## The Lost Art of Cycle Counting Let’s assume we want a 1/2 second delay inserted into our program (at least as close as we can get given crystal accuracy). We could simply rely on the built-in delay functions, or we could roll our own. So let’s write our own delay function and examine the assembly code with the goal of determining how long it takes to execute.

Starting with a main loop of 5 machine cycles, we can easily determine it would need to execute in a loop of 1,600,000 times to give us a 1/2 second period.

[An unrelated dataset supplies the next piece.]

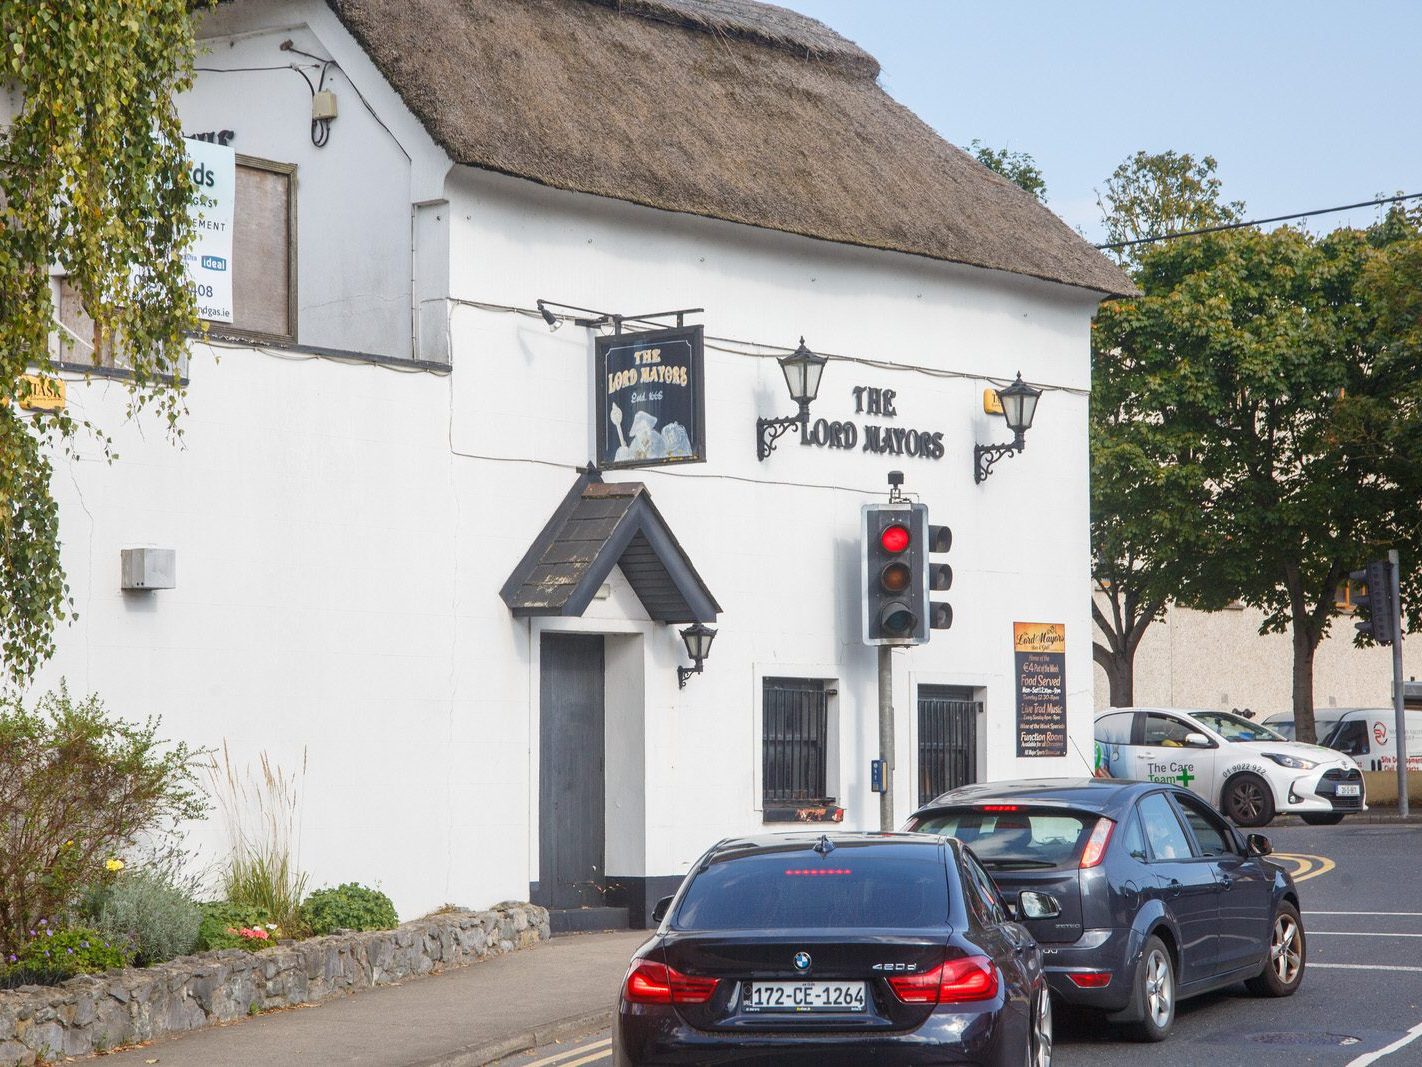 THE LORD MAYOR'S PUB IS TO BE DEMOLISHED [I VISITED SWORDS IN ORDER TO PHOTOGRAPH THIS THATCHED PUB] 004

Yikes! Since 1,600,000 is far too large a value to fit into one 8-bit register for loop counting, we’ll nest several loops:

32 x 200 x 250 = 1,600,000.

So here’s our very basic delay code:

```asm volatile (
"    ldi r20, 32  \n\t"  //1 machine cycle
//outer loop
"1:  ldi r21, 200 \n\t"  //1
//middle loop
"2:  ldi r22, 250 \n\t"  //1
//inner loop
"3:  nop          \n\t"  //1
"    nop          \n\t"  //1
"    dec r22      \n\t"  //1
"    brne 3b      \n\t"  //2 on branch
//end inner loop
"    dec r21      \n\t"  //1
"    brne 2b      \n\t"  //2 on branch
//end middle loop
"    dec r20      \n\t"  //1
"    brne 1b      \n\t"  //2 on branch
//end outer loop
::: "r20", "r21", "r22"
);
```

The comments signify the number of machine cycles for each instruction. This data can be found in the Atmel 8-bit AVR Instruction Set document. Our cursory look at the above code shows it should take about 800,000 cycles to execute:

5 x 250 x 200 x 32 = 8,000,000 cycles

On a 16MHz clock, 8,000,000 cycles is precisely ½ second. However, upon closer examination we discover this is not the case. This delay function takes approximately 0.501 seconds to execute, which is 0.001 seconds longer than expected. Realizing that 0.001 seconds is about 16,000 instruction cycles, where did they come from?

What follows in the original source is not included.